I think there are a few ways to achieve what you are trying to do that have a lower impact on performance. So long as exploiters can stealthily manipulate the game’s metatable, your anti-cheat will never get an accurate depiction of the client’s true game state. Also, restarting said anti-cheat would just make things worse, because it means your anti-cheat would start with spoofed values.
I will say, you can start a thread using a ModuleScript and parent the instance to nil. You can then use the invoked ModuleScript’s code to manage your local anti-cheat from nil. Again, there are ways to get around it, but it’s just another way to add a layer of obscurity and difficulty for less capable exploiters.
Thanks for letting me know! This is one of my first time making an anti-exploit.
I don’t think so, there is a wait(1) in the while loop, so it shouldn’t fire too often.
This one is a definite yes, as you can see from the video in the post:
This is a great question that I am experimenting with. The game isn’t taxing on the client (there are hardly any local scripts in it, and the server scripts don’t spam). But, I’ll have to do some more research on my own about the effects of this method. I will look into parenting a ModuleScript to nil, thanks for the suggestion and feedback!
What prevents someone from disconnecting your connections every few seconds as well? Exploiters can listen to events like ChildAdded the same way you can, and more.
no this is not a good way, an exploiter can easily get around it.
What happens when you “copy” a local script from the server to the client. The server sends the client the information about a local script, and the client can choose to do whatever they want. If they don’t want to run it they don’t have to.
It’s futile to do client security, just secure your game from the server
I understand that client security is futile to a certain degree, but would this stop the majority of exploiters who don’t know how to manipulate the game as well? When the client makes changes to the humanoid, the server doesn’t seem to pick it up (from my tests), which is why I did this.
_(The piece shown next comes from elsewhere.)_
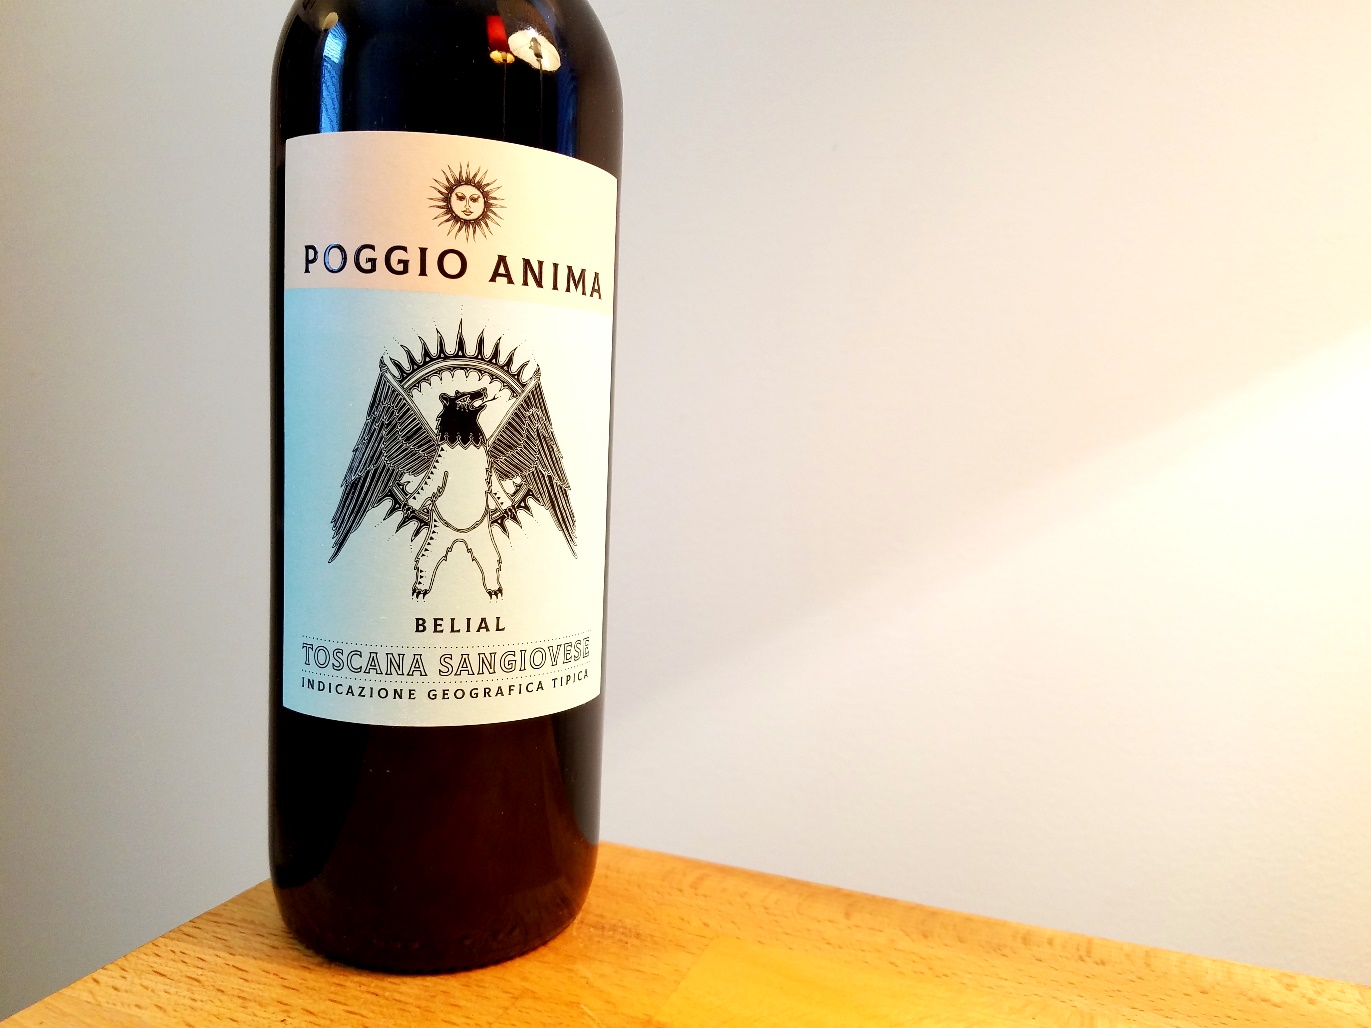 Poggio Anima, Belial Toscana IGT Sangiovese 2019, Tuscany, Italy, Wine Casual
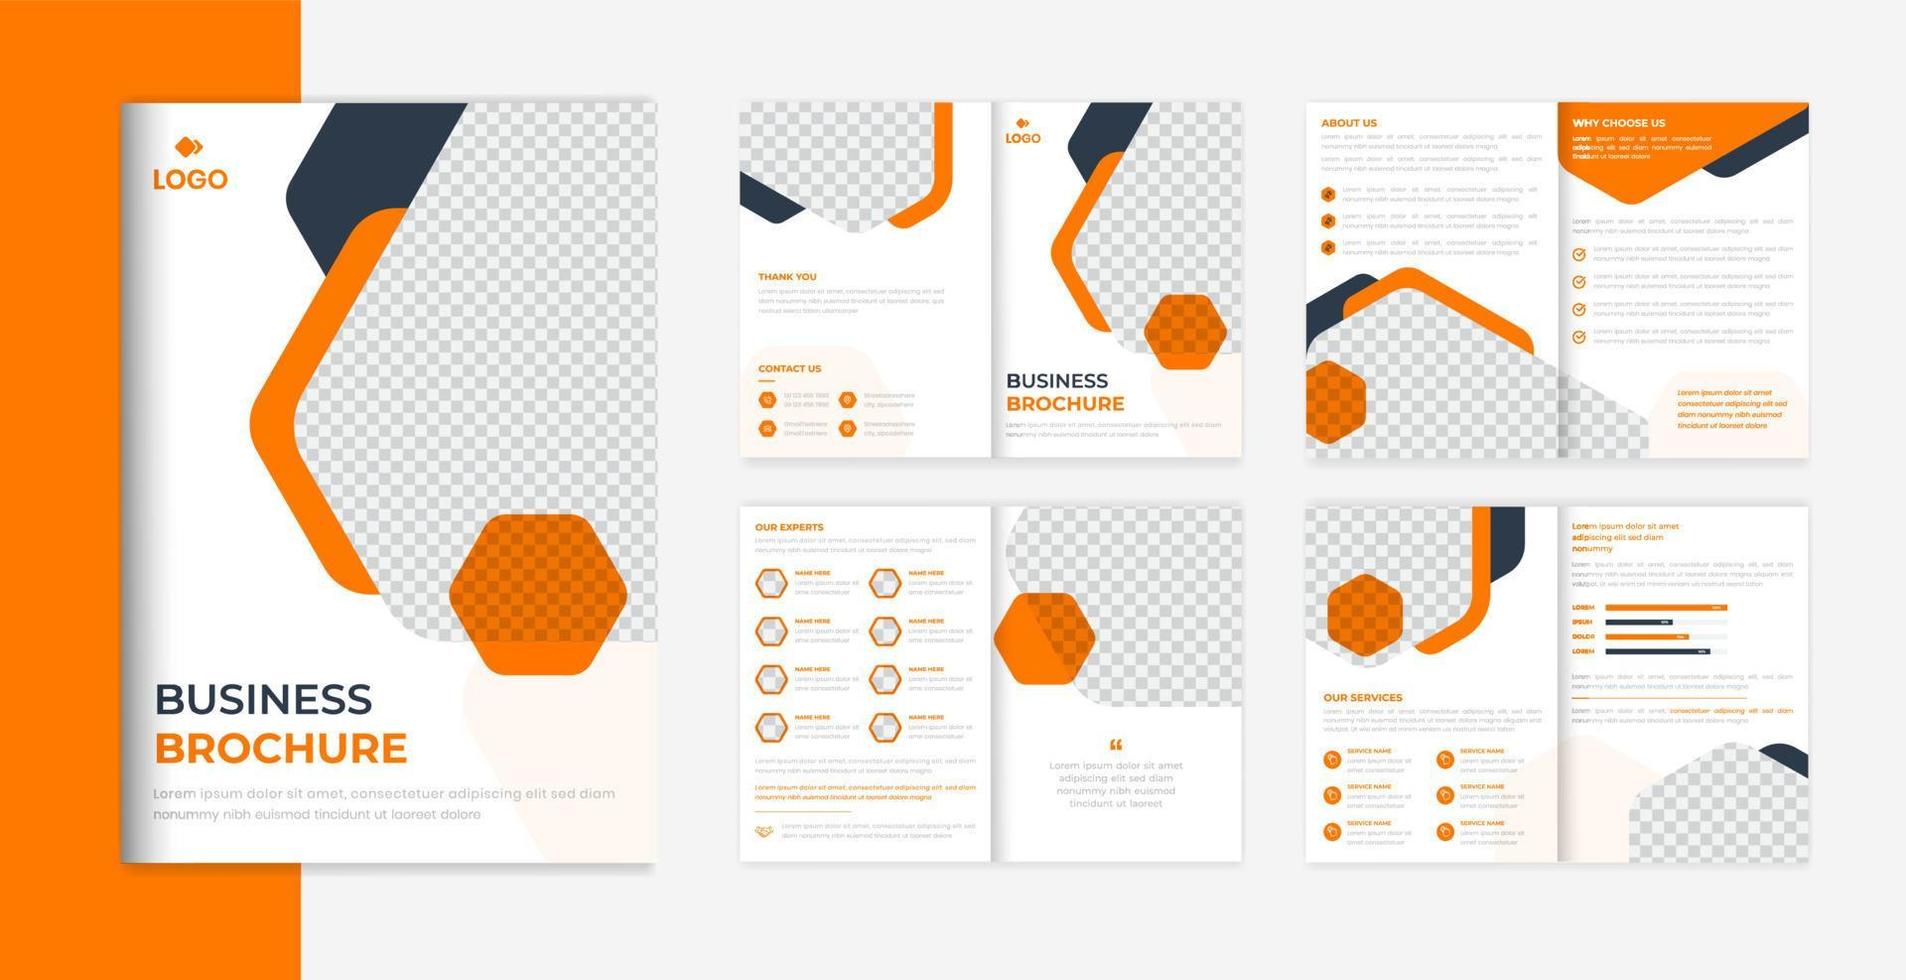 moderne zakelijke brochure ontwerpsjabloon, bedrijfsprofiel zakelijke lay-out met meerdere pagina's vector

That is a fair point. I don’t know how easy it is to exploit, or what exploiters are truly capable of (I understand they have access to and can modify anything on the client), but beyond that, I am lost.
Would it work to randomize where this script appears in playerGui (I.e hidden inside one of the screen guis, or a textlabel, etc). Would this be enough to stump/irritate enough exploiters until they give up trying to erase it? Thanks for all of your help, I’m doing my best to understand everything. This is my first time trying to design my own anti-exploit.
you only need one exploiter to release the method for everyone to be able to do it – also you don’t need to listen to humanoid changes to combat a lot of stuff.
you can combat walk speed changes by checking player velocity, flying by raycasting, …
Let me tell you the basic security.
You never trust the client. Trusting that their anti-exploit is not defeated is not the best way of doing things.
No matter how much you try, you are never in control of the client. You can’t make it behave how you want it to be.
Simply put, you must handle anti-exploit server side.
A good amount of it is basically checking if they’re capable of being there. Implementation of that? Not sure. I can think of a couple but I guess I’ll try to implement it first before I’ll tell you.